Container Storage Interface (CSI) migration infrastructure has been in beta feature state since Kubernetes v1.17 and is described in detail in this K8s blog post. It is important to understand that the migration will eventually remove the in-tree plugin from the Kubernetes source code, and all migrated volumes will be controlled by the CSI driver. It does not mean that those migrated PVs will get new features and attributes of the CSI driver. It only supports features that are already supported by in-tree drivers as described here.
This blog post will walk you through a migration scenario and outline the necessary steps in detail.
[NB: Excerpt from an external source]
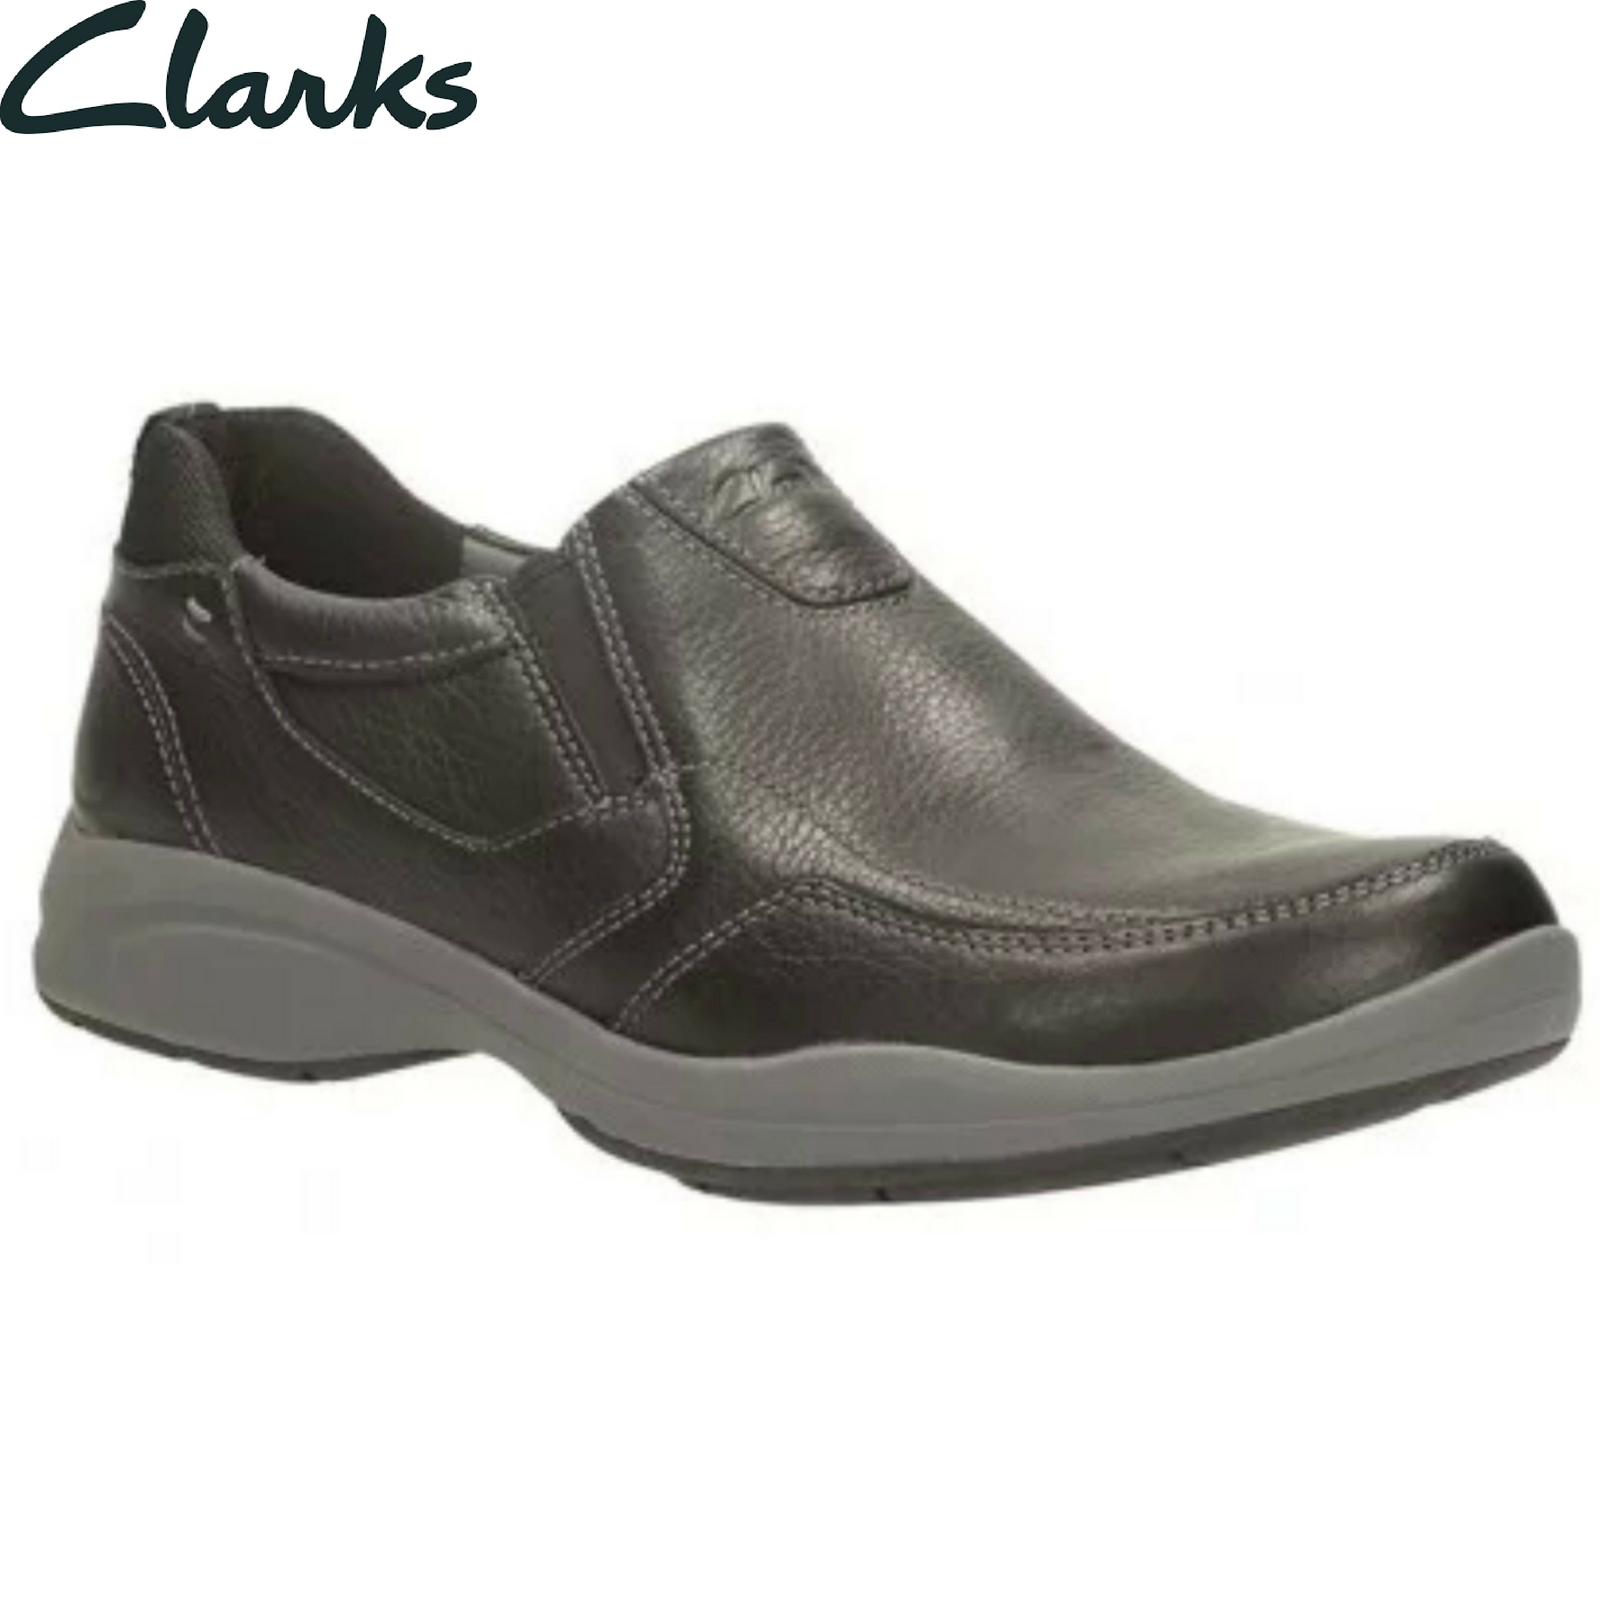 clarks shoes 13291

Note: If you are already migrated from in-tree provisioner to EBS CSI or started with EBS CSI using the default gp2 based StorageClass have a look at the following blog post “Simplifying Amazon EBS volume migration and modification on Kubernetes using the EBS CSI Driver“.
Prerequisites
You need an EKS cluster with version 1.17 or newer and a corresponding version of kubectl. Make sure you are authorized to install the Amazon EBS CSI-related objects.
Kubernetes uses so-called feature gates to implement the storage migration. The CSIMigration and CSIMigrationAWS feature for Amazon EBS, when enabled, redirects all plugin operations from the existing in-tree plugin to the ebs.csi.aws.com
CSI driver. Please note that Amazon EKS has not yet turned on the features CSIMigration
and CSIMigrationAWS
for Amazon EBS migration. Nevertheless, you can already use the Amazon EBS CSI driver in parallel to the in-tree plugin.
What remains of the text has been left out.